Canadian radio executive

Chuck McCoy is a Canadian radio executive. His career began in the 1960s and continued into the 1970s as an announcer and disc jockey in several radio stations throughout Canada. He then became a program director, started a consulting firm, and is now an executive for Rogers Broadcasting. In 2008 he was inducted into the Canadian Music Industry Hall of Fame.

==Announcer==
Chuck McCoy started his radio career as an announcer and disc jockey in the 1960s and 1970s. His first station was CKY-FM in Winnipeg, then he moved on to CJME in Regina, Saskatchewan, CKFH in Toronto, CHLO AM in St. Thomas, and CJRN in Niagara Falls.

==Program director==
After his stint at CJRN, McCoy was hired by CHUM Limited as a part of the programming team at CHUM (AM) in Toronto then in 1973 they sent him to Vancouver to be the program director of their newly purchased CKVN, which then became CFUN.

By 1975 McCoy brought CFUN to the number one spot in Vancouver radio market. He established aggressive marketing techniques including television ads, and frequent giveaways to increase the profile of the station. He left CFUN and CHUM Limited in late 1977 and eventually ended up as program coordinator for Moffat Communications

McCoy left Moffat in 1986 to form a radio consulting company with Pat Bohn, McCoy-Bohn Communications International

==Executive==
From the early 1990s to today McCoy has been climbing the corporate ladder at the Rogers Broadcasting Group. He started as vice president and general manager of CKKS-FM, and in 1991 also became general manager of CKWX.

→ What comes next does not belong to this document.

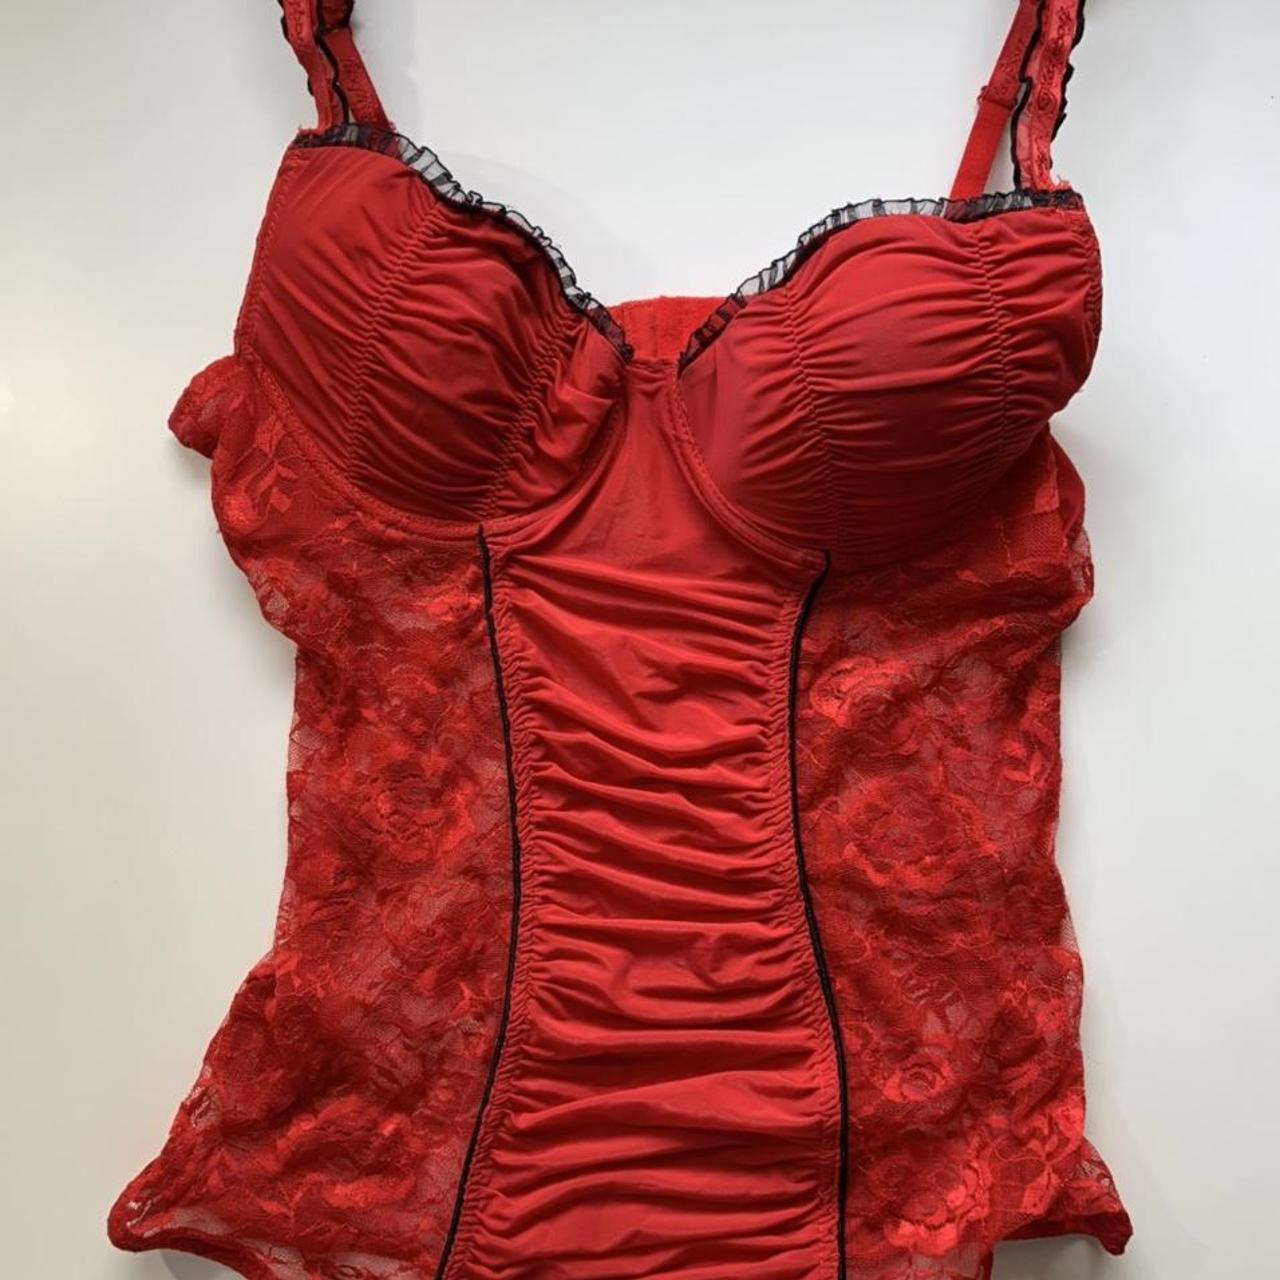 Playboy Famouse Red Corset/Bustier ️Size M as seen... - Depop

Rogers then, in 1999, promoted him to vice president of programming for all of their Toronto stations, which include CHFI, CFTR, and CISS-FM. CISS had been recently bought by Rogers and McCoy changed the format from country to top 40. In 2010 he then was elevated to vice president and regional manager for all of Toronto and Kitchener. He is currently working on expanding the company's holdings into London, Ontario by purchasing CHST-FM from CTV.

==Accolades==
McCoy was doubly honored by the Canadian radio industry in 2009. At the Canadian Music Industry Awards he received a Lifetime Achievement Award and was inducted into the Canadian Music Industry Hall of Fame.